- EXERCISE AIM
Please output every line of the material as it stands, without the pictures.

- GIVEN MATERIAL

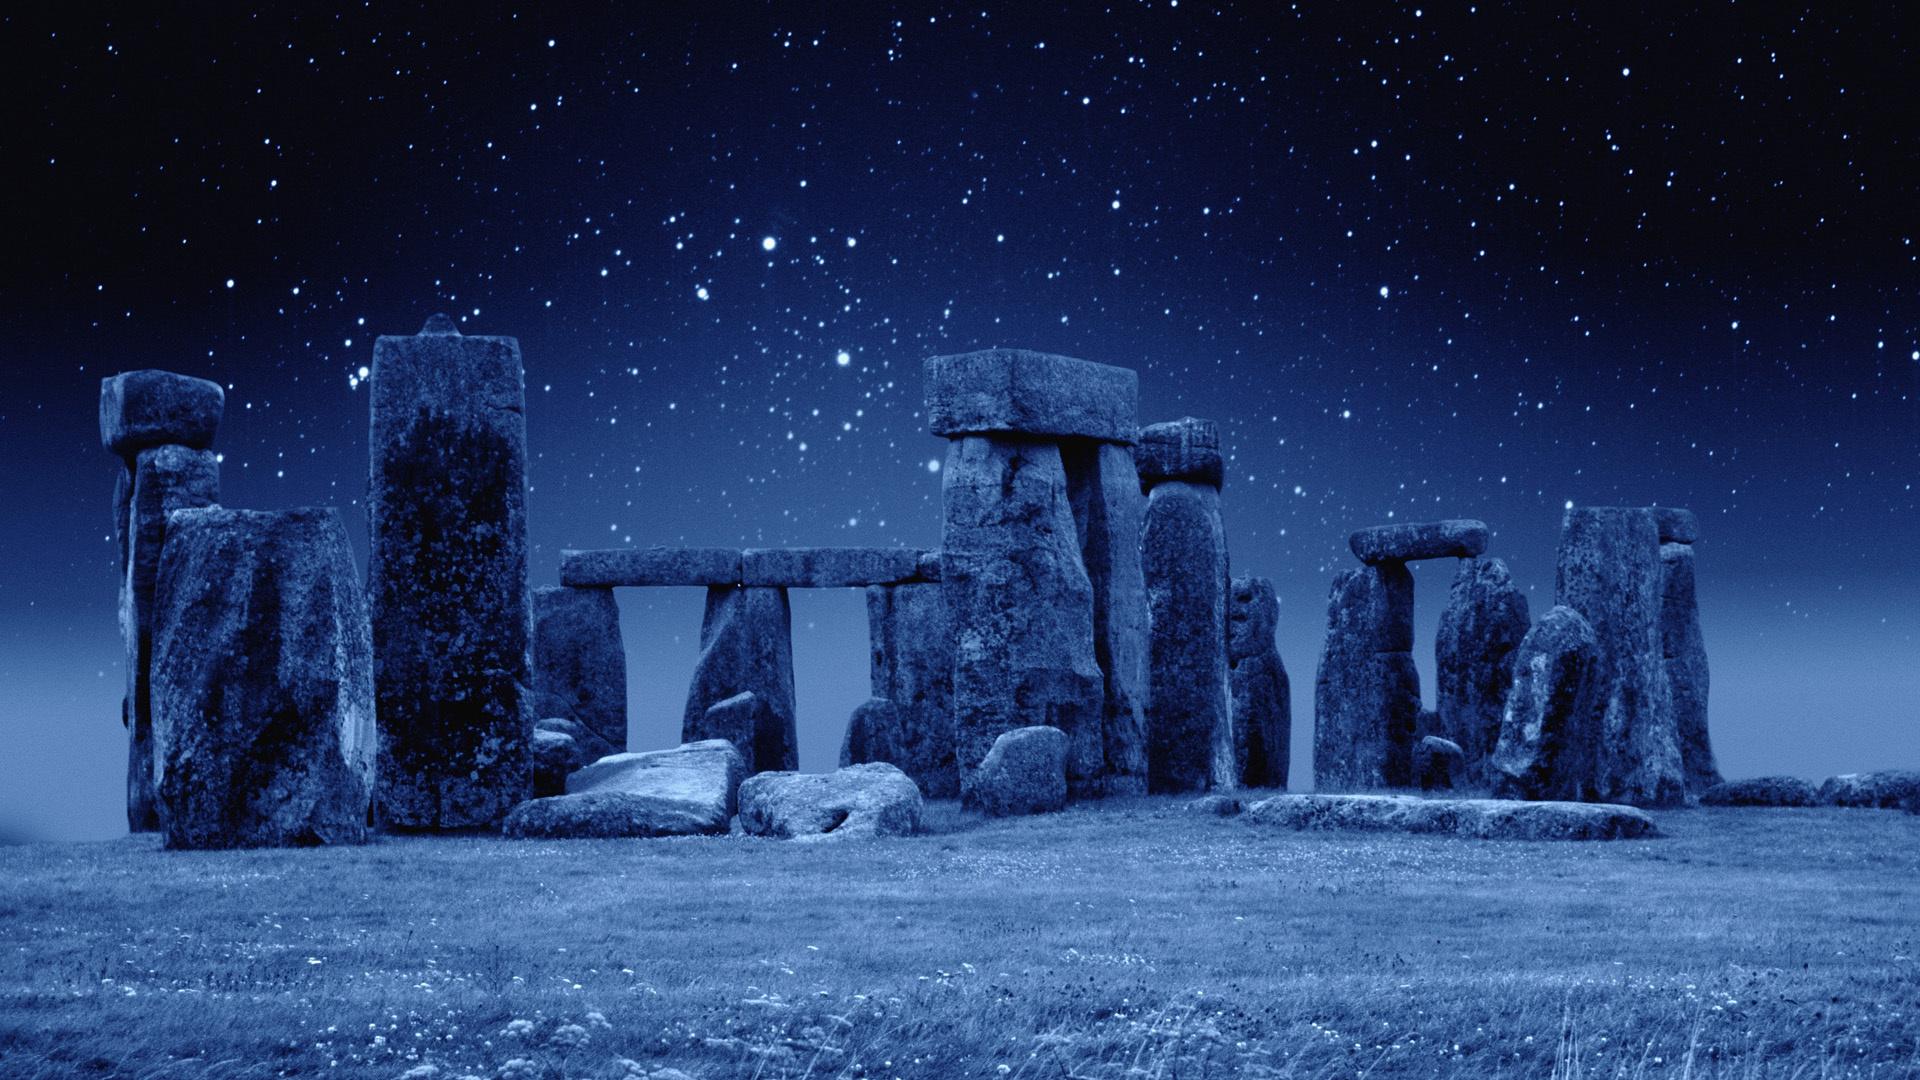 Download Stonehenge wallpaper (1920x1080)
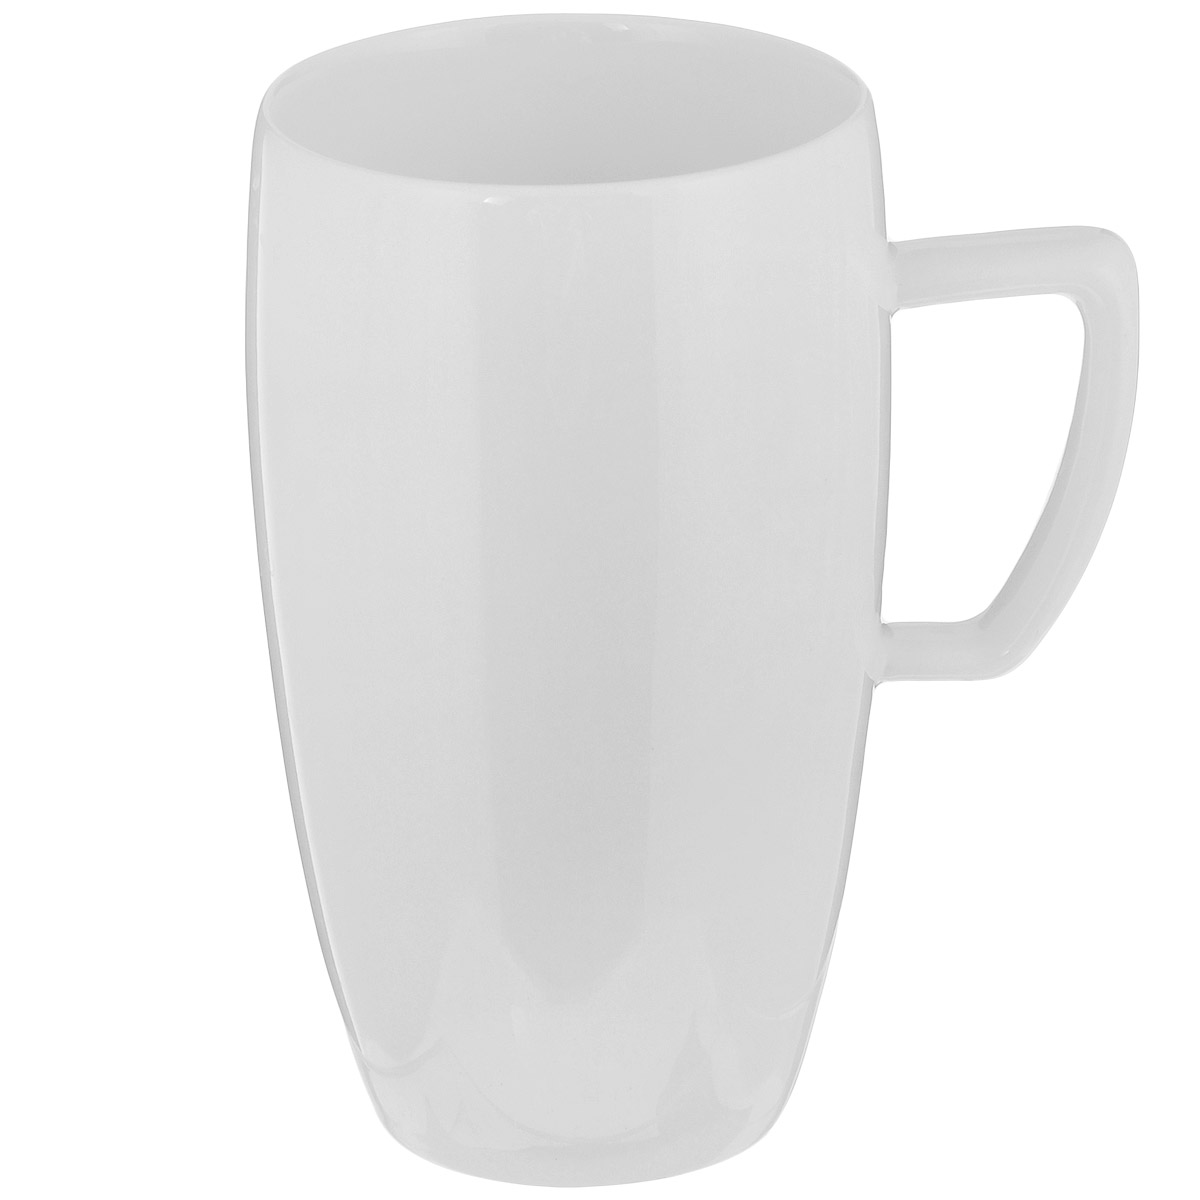 """Чашка Tescoma """"Crema"""" выполнена из высококачественного фарфора однотонного цвета и прекрасно подойдет для вашей кухни. Чашка изысканно украсит сервировку как обеденного, так и праздничного стола. Предназначена подачи кофе латте.  Пригодна для использования в микроволновой печи. Можно мыть в посудомоечной машине. Диаметр по верхнему краю: 8 см. Высота: 14 см. Объем: 500 мл."""
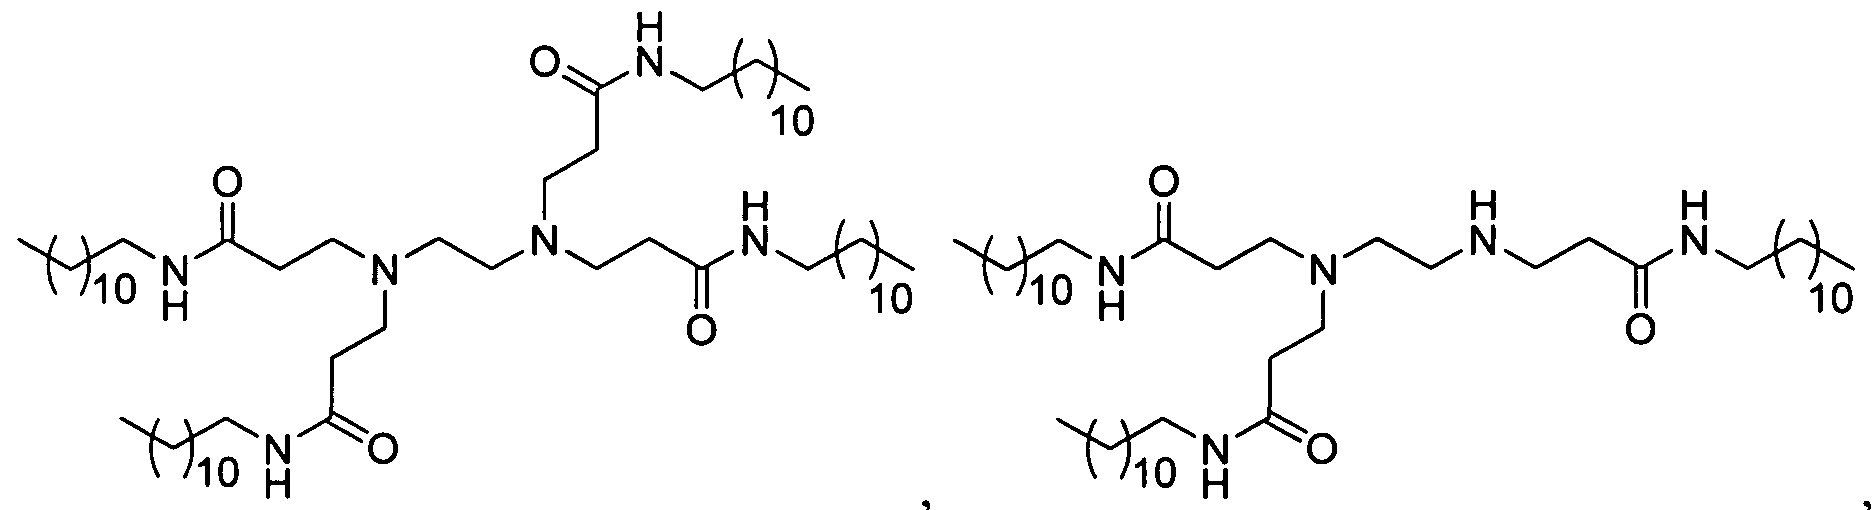 Figure imgf000105_0003

- SOLVED PROBLEM
 Download Stonehenge wallpaper (1920x1080)
 """Чашка Tescoma """"Crema"""" выполнена из высококачественного фарфора однотонного цвета и прекрасно подойдет для вашей кухни. Чашка изысканно украсит сервировку как обеденного, так и праздничного стола. Предназначена подачи кофе латте.  Пригодна для использования в микроволновой печи. Можно мыть в посудомоечной машине. Диаметр по верхнему краю: 8 см. Высота: 14 см. Объем: 500 мл."""
 Figure imgf000105_0003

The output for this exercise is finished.